BRUSSELS — European Union leaders said early Friday that legislation enabling rescue aid to be channeled directly to Spanish banks should be agreed by the end of the year, but they left open critical decisions on how soon it could go into effect.
By leaving the start date vague, Germany could shape the legislation over the next three months to delay any use of a new bailout fund to directly recapitalize Spanish lenders until after national elections in September 2013.
The legislation focuses on improving supervision of banks in the euro area by putting them under the aegis of the European Central Bank, and it is one of the tools developed by Europeans aimed at salvaging the euro.
The leaders agreed at their last summit in June that the direct recapitalization of banks could go forward once effective supervision by the European Central Bank is in place.
But such direct aid could be an election issue because German citizens have grown weary of paying most of the bill for bailouts, and they are wary of using more funds to help Spanish banks.

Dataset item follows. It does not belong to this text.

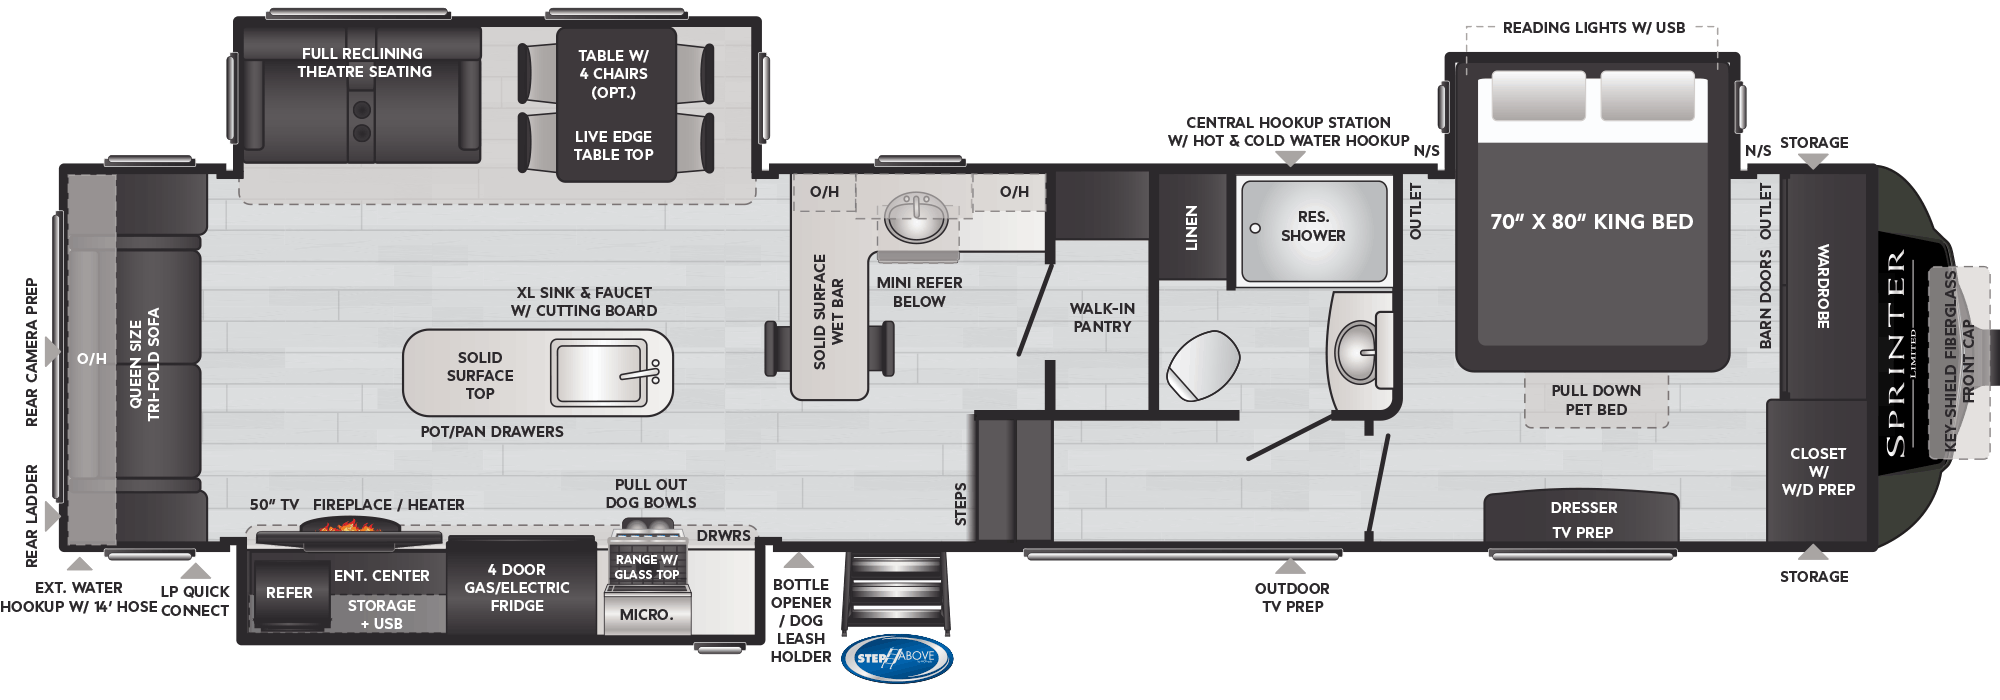 Floor Plan: 2020 Sprinter 3560FWRLB

At a news conference Friday morning, Chancellor Angela Merkel of Germany would not give a precise start date for the system nor for the direct recapitalization of banks.
Merkel said that Mario Draghi, the president of the central bank, had informed leaders that ‘‘it will take some time until this banking supervision is up and running.’’
The French government and the European Commission have sought to hasten that legislation in order to allow direct recapitalization of some of the eurozone’s most vulnerable banks to start on Jan. 1.
But Francois Hollande, the French president, was also unable to give a date for the start of the system and instead said markets should be confident that direct recapitalization of banks would be able to go forward over the course of 2013.
‘‘The worst is over,’’ Hollande said, seeking to assure investors and citizens that Europe was keeping up momentum to emerge from its financial crisis.